In Java I would do something like:
java.awt.GraphicsEnvironment ge =
java.awt.GraphicsEnvironment.getLocalGraphicsEnvironment();
Font[] fonts = ge.getAllFonts();
is there an Android equivalent?
In Java I would do something like:
java.awt.GraphicsEnvironment ge =
java.awt.GraphicsEnvironment.getLocalGraphicsEnvironment();
Font[] fonts = ge.getAllFonts();
is there an Android equivalent?
Taken from Mark Murphy's answer on the Android Developers mailing list:
http://developer.android.com/reference/android/graphics/Typeface.html
There are only three fonts: normal (Droid Sans), serif (Droid Serif), and monospace (Droid Sans Mono).

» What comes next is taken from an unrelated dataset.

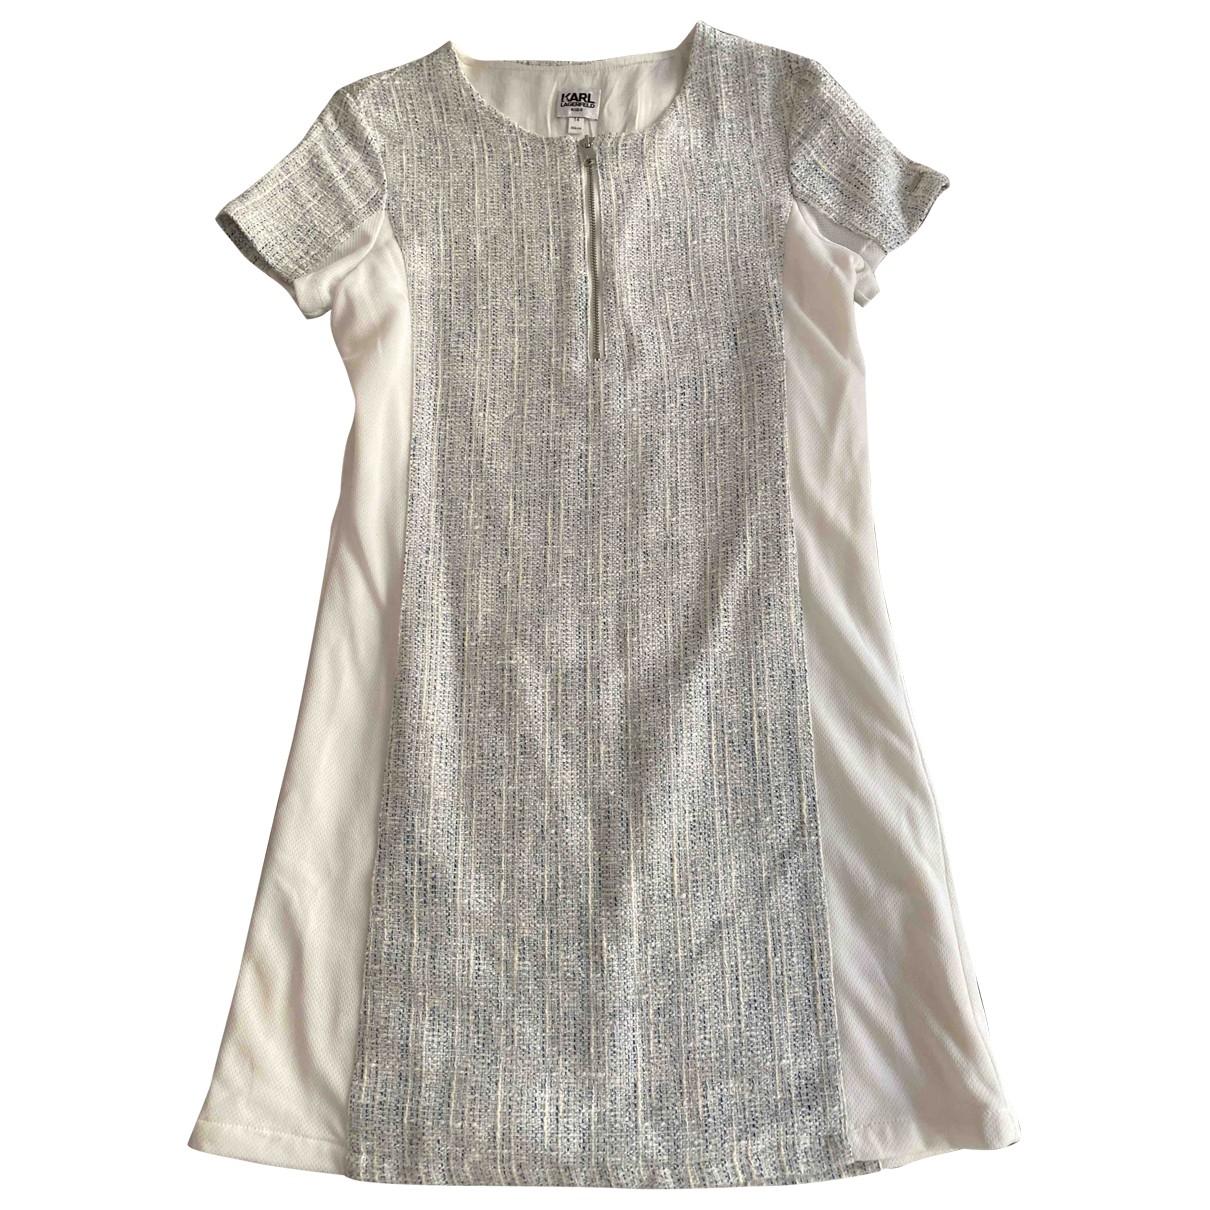 Karl Lagerfeld \N Blue Cotton dress for Kids 14 years - S FR

While there may be additional fonts buried in WebKit somewhere, they appear to be inaccessible to developers outside of WebKit. :-(
The only other fonts are any TrueType ones you bundle with your application.
Edit: Roboto is a new font which came in with Android 4.0. You can use this library project to use it in all versions back to API level 4 https://github.com/mcalliph/roboto-text-view
Regarding the actual question, here is a way to create a list of all available fonts installed:
String path = "/system/fonts";
File file = new File(path);
File ff[] = file.listFiles();
Array ff[] will contain all the font files.
There are only 3 fonts available as part of android; normal (Droid Sans), serif (Droid Serif), and monospace (Droid Sans Mono).
Apps can include their own truetype fonts but can't install them for use by other apps.
couple of links about the fonts:
From Android 29, giving you an actual collection of android.graphics.fonts.Font
, there is SystemFonts.getAvailableFonts()
This answer isn't a programmatic solution, but the actual ttf fonts seem to be stored in the /system/fonts directory. Use adb shell ls /system/fonts
to list them, or adb pull /system/fonts
to transfer all of them to the connected computer (adb will create a folder named "fonts").
Android includes 3 base fonts, but unlike iOS, allow you to use just about any font you'd like. You can simply embed it with your app, instead of being limited to a preset list of fonts like Apple does (Apple doesn't allow font embedding). Pretty convenient.
Note that this is for Android itself, but web browsers (including the basic pre-installed Android web browser) does support all the standard HTML fonts.